Summary of model performance and recommendations for next steps.

In [None]:
# Display final results summary
print("FINAL RESULTS SUMMARY")
print("=" * 60)
print()

print("Training F1-Scores:")
print("-" * 30)
for name, score in results.items():
    print(f"{name:<20}: {score:.4f}")

print()
print("Cross-Validation F1-Scores:")
print("-" * 35)
for name, result in cv_results.items():
    print(f"{name:<20}: {result['mean']:.4f} (+/- {result['std'] * 2:.4f})")

print()
print("RECOMMENDATIONS:")
print("-" * 20)
best_model = max(cv_results.keys(), key=lambda x: cv_results[x]['mean'])
print(f"• Best performing model: {best_model}")
print(f"• Best CV F1-score: {cv_results[best_model]['mean']:.4f}")
print()
print("NEXT STEPS:")
print("• Hyperparameter tuning for the best model")
print("• Feature engineering improvements")
print("• Ensemble methods combining multiple models")
print("• Generate predictions for test set")

## Conclusion

This notebook successfully implemented a multi-label text classification pipeline for toxic comment detection.
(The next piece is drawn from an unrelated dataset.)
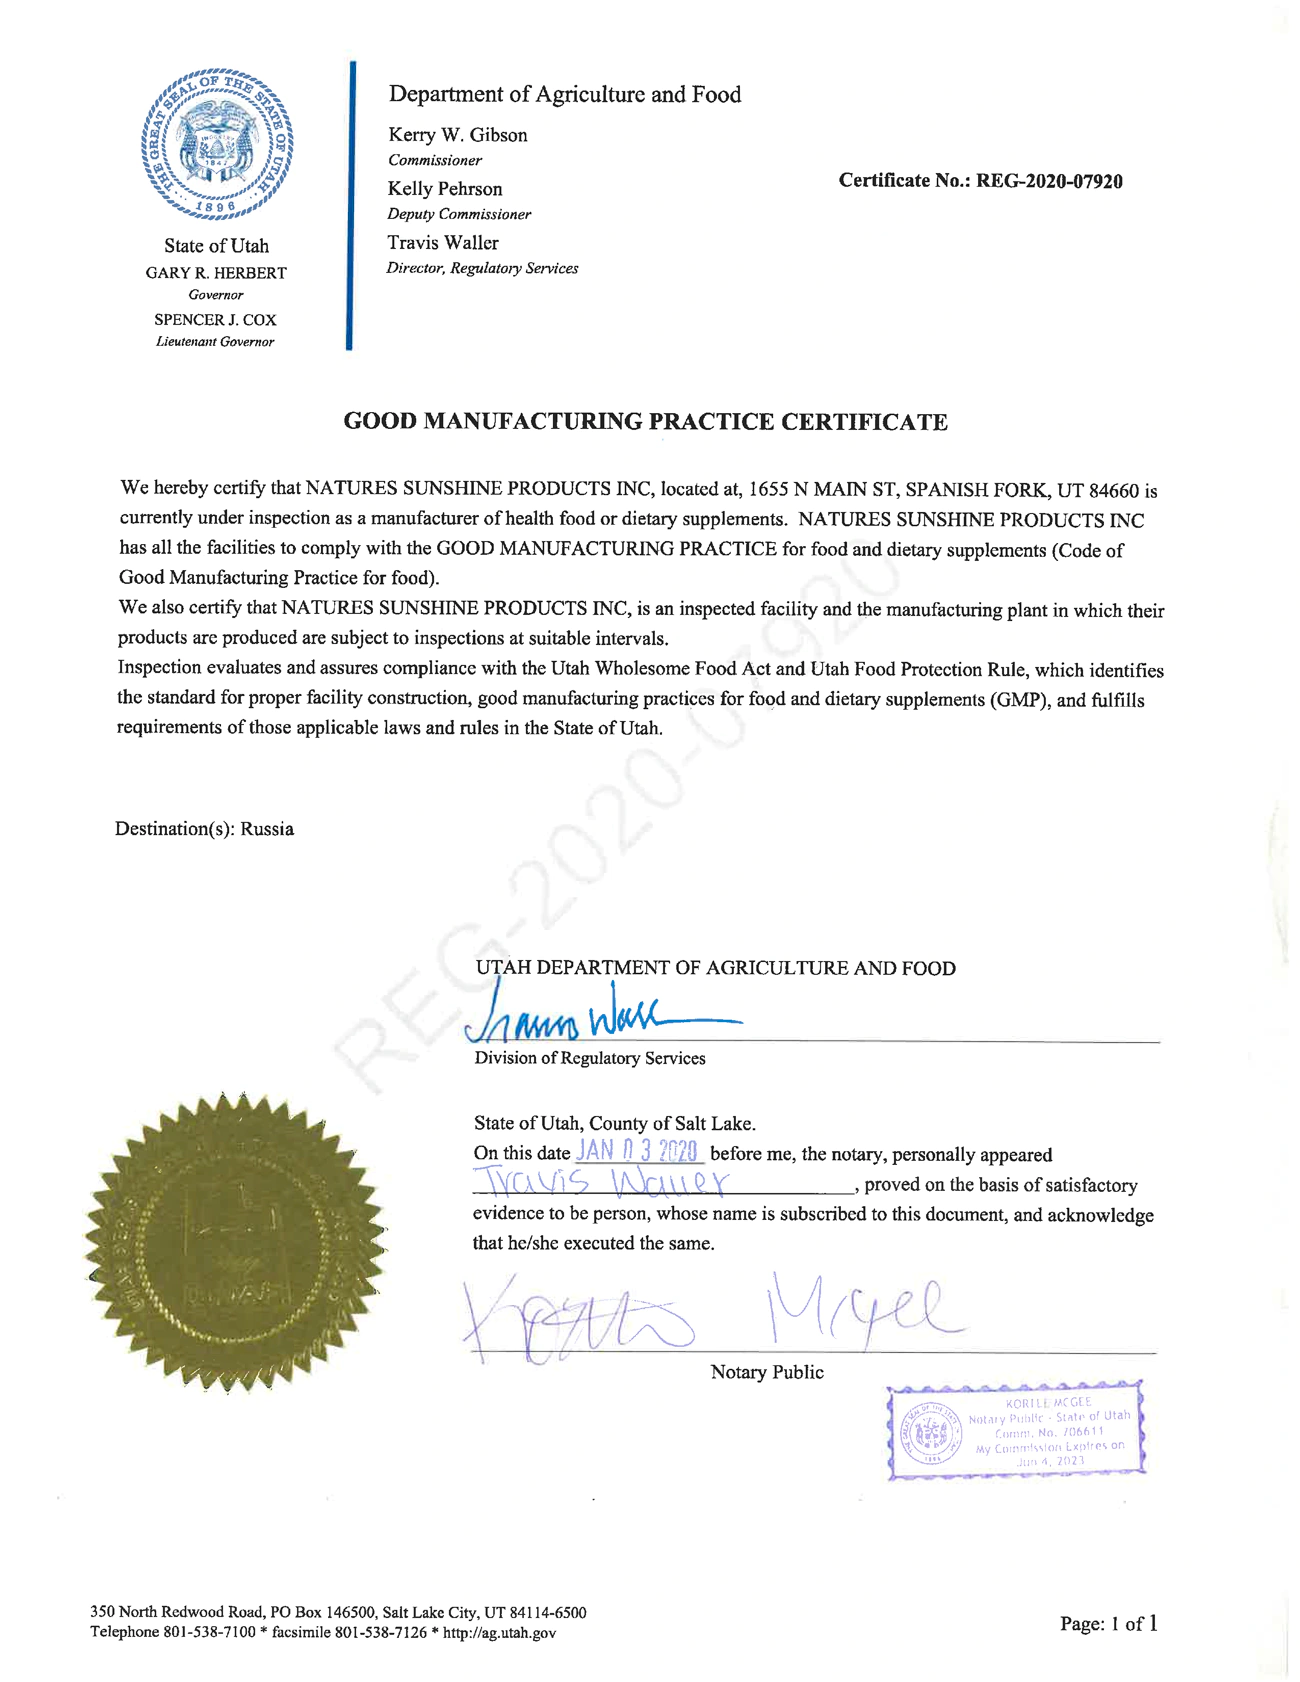 Сертифика GMP компании NSP (Nature's Sunshine Products) | NSP-MOLDOVA.MD
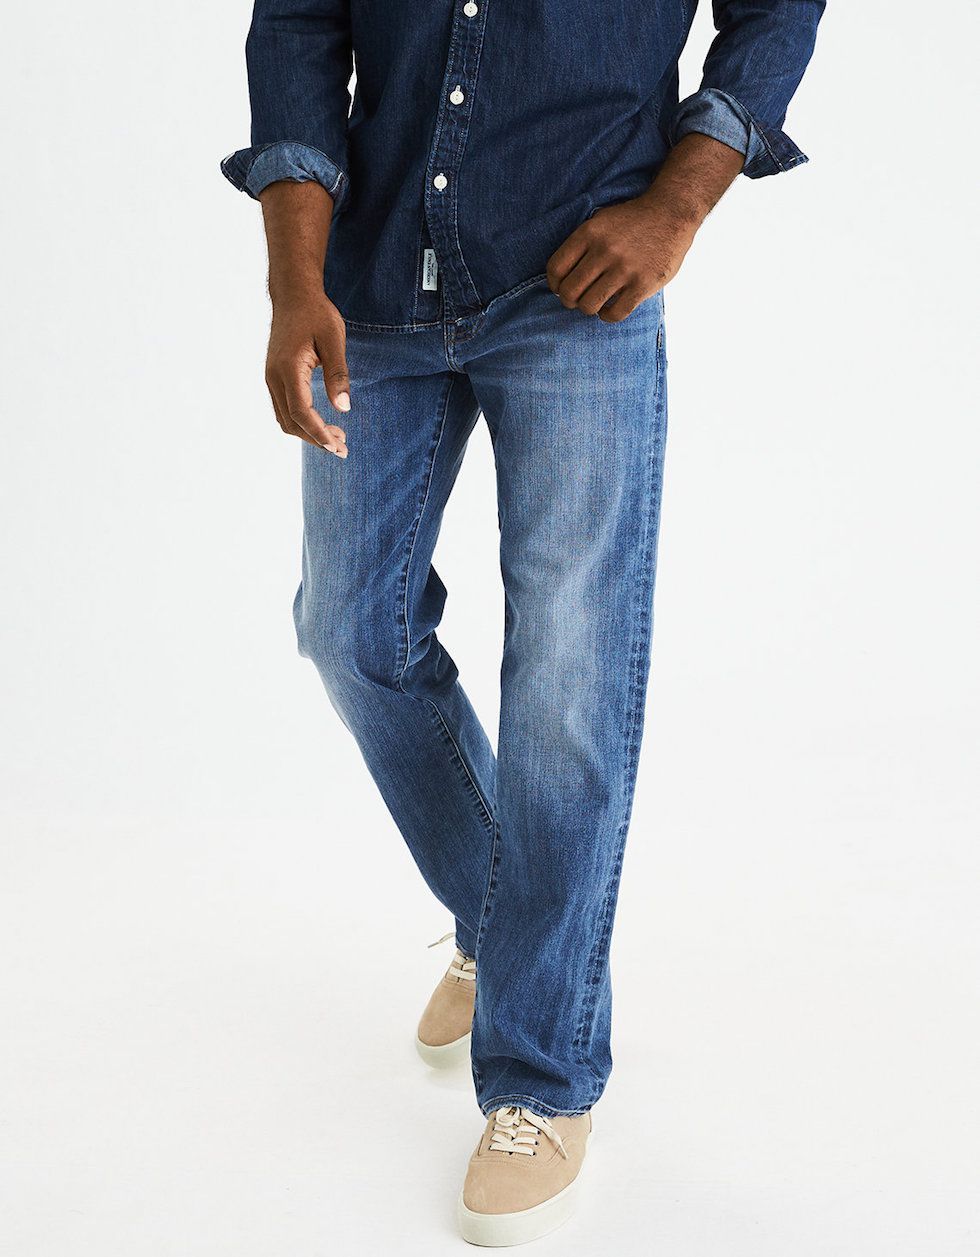 Buy > american eagle flex jeans > in stock

The approach included:

1. **Data Preprocessing**: Comprehensive text cleaning with URL removal, HTML stripping, and linguistic preprocessing
2. **Feature Engineering**: TF-IDF vectorization with optimized parameters for text representation
3. **Model Comparison**: Evaluation of multiple machine learning algorithms using OneVsRestClassifier
4. **Performance Evaluation**: Both training and cross-validation metrics to assess model reliability

The results provide a solid baseline for toxic comment classification, with opportunities for further improvement through hyperparameter tuning and advanced feature engineering techniques.